Liam Devoy (COO) and Karsten Oberheide (Management Board member responsible for BONITA) held no shares of the Company as at 31 December 2018.
Dr. Gernot Lenz (CEO since 1 November 2019) held no shares of the Company as at 1 November 2019. Christian Werner (CFO since 1 November 2019) has bought shares of the Company before his assignment as a member of the Management Board and directly held 5.595 shares of the Company as at 1 November 2019, corresponding to 0,01 % of the Company’s shares.
SHAREHOLDINGS OF THE MEMBERS OF THE SUPERVISORY BOARD
One member of the Supervisory Board, Barbara Pfeiffer (Deputy Chairwoman) directly held 1 share of the Company as at 31 December 2018, corresponding to 0.00% of the Company’s shares. Ms. Pfeiffer still holds the share after the voluntary public takeover offer by Fosun International Limited.
MANAGERS’ TRANSACTIONS (formerly DIRECTORS’ DEALINGS)
In accordance with section 19 of the Market Abuse Regulation (MAR), the members of the Management Board and the Supervisory Board of TOM TAILOR Holding SE as well as certain employees with managerial responsibilities and any persons closely associated with these employees must disclose the acquisition and sale of TOM TAILOR shares and any related financial instruments. This duty of disclosure exists if the value of the transactions by a person belonging to the above-mentioned group of persons amounts to or exceeds EUR 20,000 until the end of a calendar year.

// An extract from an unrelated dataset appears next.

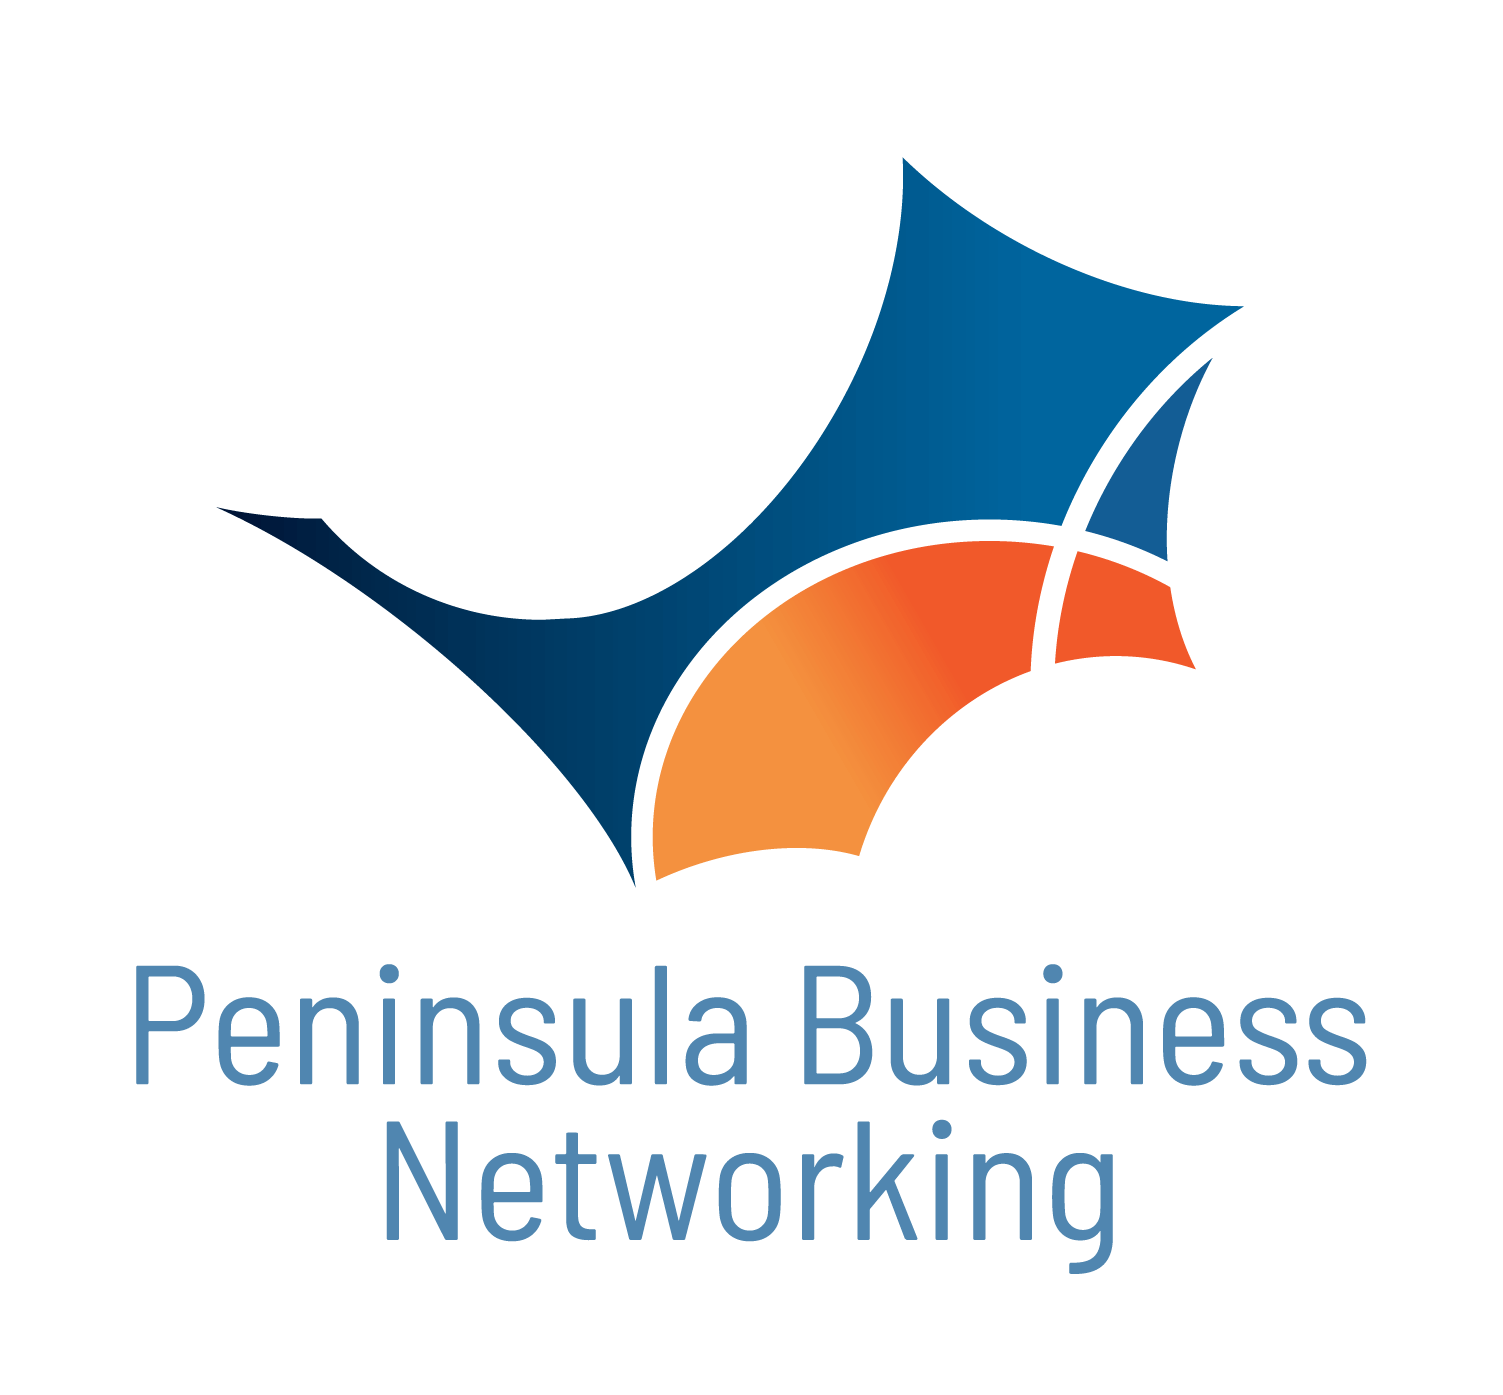 Peninsula Business Networking

Further details as well as the individual transactions disclosed can be found at http://ir.tom-tailor-group.com.
TOM TAILOR Holding SE received voting right notifications in accordance with section 33 (1) of the WpHG from institutional investors in China, France, the United Kingdom, Switzerland, the Netherlands and the United States.
ACCOUNTING AND TRANSPARENCY
Information is regularly provided to the shareholders and the public, in particular via the annual report containing the consolidated financial statements, and the interim reports. Our Group financial reporting is prepared in accordance with International Financial Reporting Standards (IFRSs), as adopted by the EU, ensuring a high degree of transparency and international comparability.